2. Experimental Section

2.1. Materials and Instruments

Aniline-4-sulfonic acid, 2-methoxyaniline-5-sulfonic acid, sodium hypochlorite solution with 6–14% active chlorine and 98% oxalyl chloride, 1.0 M tetrabutylammonium fluoride solution in THF, 4-dimethylaminopyridine (DMAP), and other reagent-grade chemicals were purchased from Shenzhen Dieckmann Technology Co., Ltd. and used without further purification.

High-resolution mass spectra were obtained on a Waters mass spectrometer. Nuclear magnetic resonance (NMR) spectra were recorded on a Jeol ECZ500R (500 MHz) spectrophotometer. The absorption spectra were recorded on a UH5300 UV–vis spectrophotometer.

Colorimetric analyses of the fabrics were conducted using a Datacolor 650 spectrophotometer, and the results were recorded in the form of CIE, L*, a*, and b* color space, and K/S values.
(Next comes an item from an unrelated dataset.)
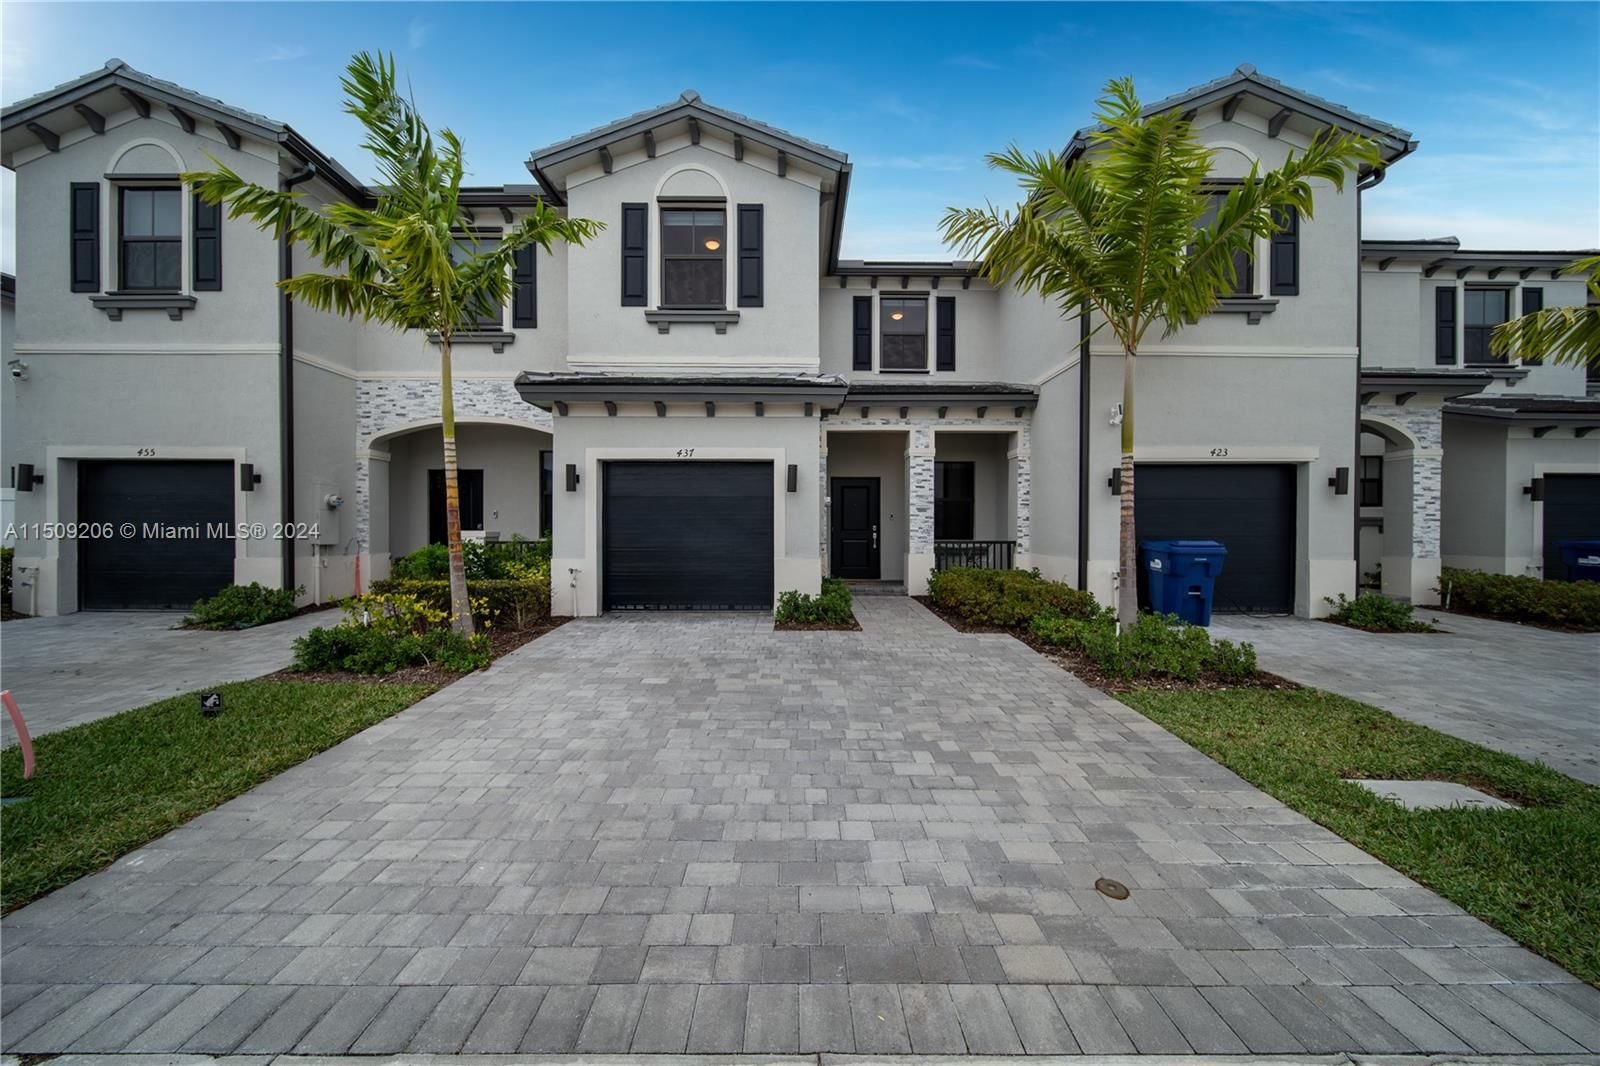 Real estate property located at 437 204th St, Miami-Dade County, VISTA LAGO, Miami Gardens, FL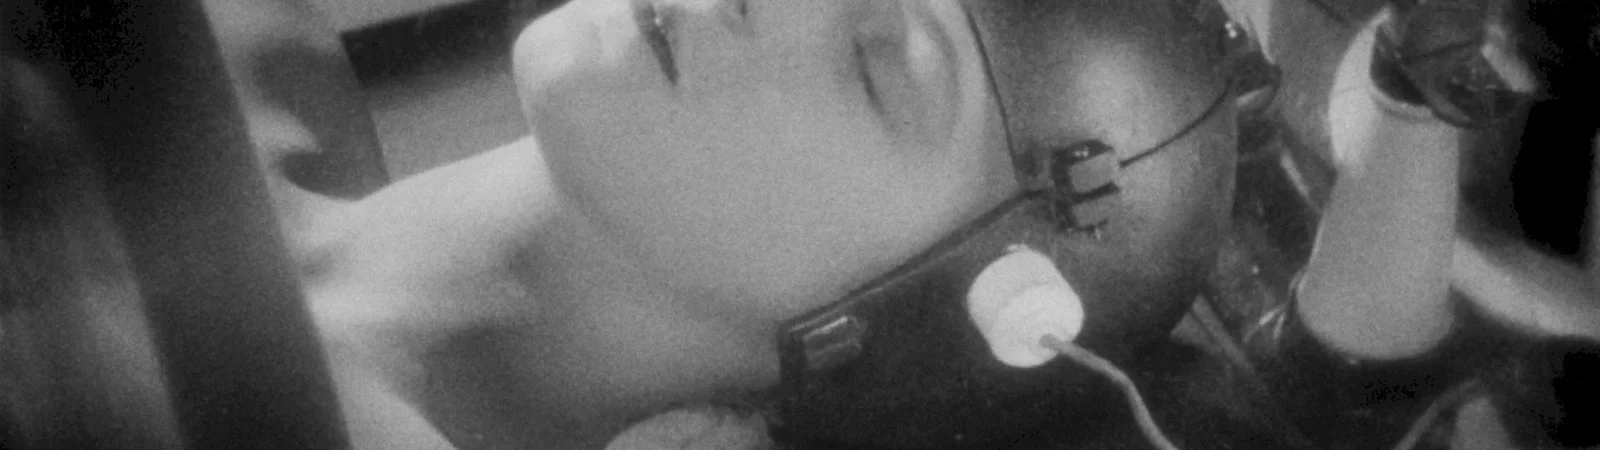 Photo dernier film Brigitte Helm

Wash fastness, crocking fastness, and light fastness were assessed using the same method used in a previous report.29

The surface morphology of fibers was characterized using a Hitachi TM3000 Benchtop Scanning Electron Microscope (SEM) from Japan, and cross-section images were investigated on an optical microscope: Nikon Optiphot-POL from Germany; UV–vis transmittance spectra and the ultraviolet protection factor (UPF) of colored fabrics were measured by a Varian Cary 300 UV–visible spectrophotometer.

2.2. Synthesis of Biscatechol Azobenzene Compounds

The synthesis route of biscatecholic colorants is shown in Scheme 1, and the preparation of sample 1d is described in detail.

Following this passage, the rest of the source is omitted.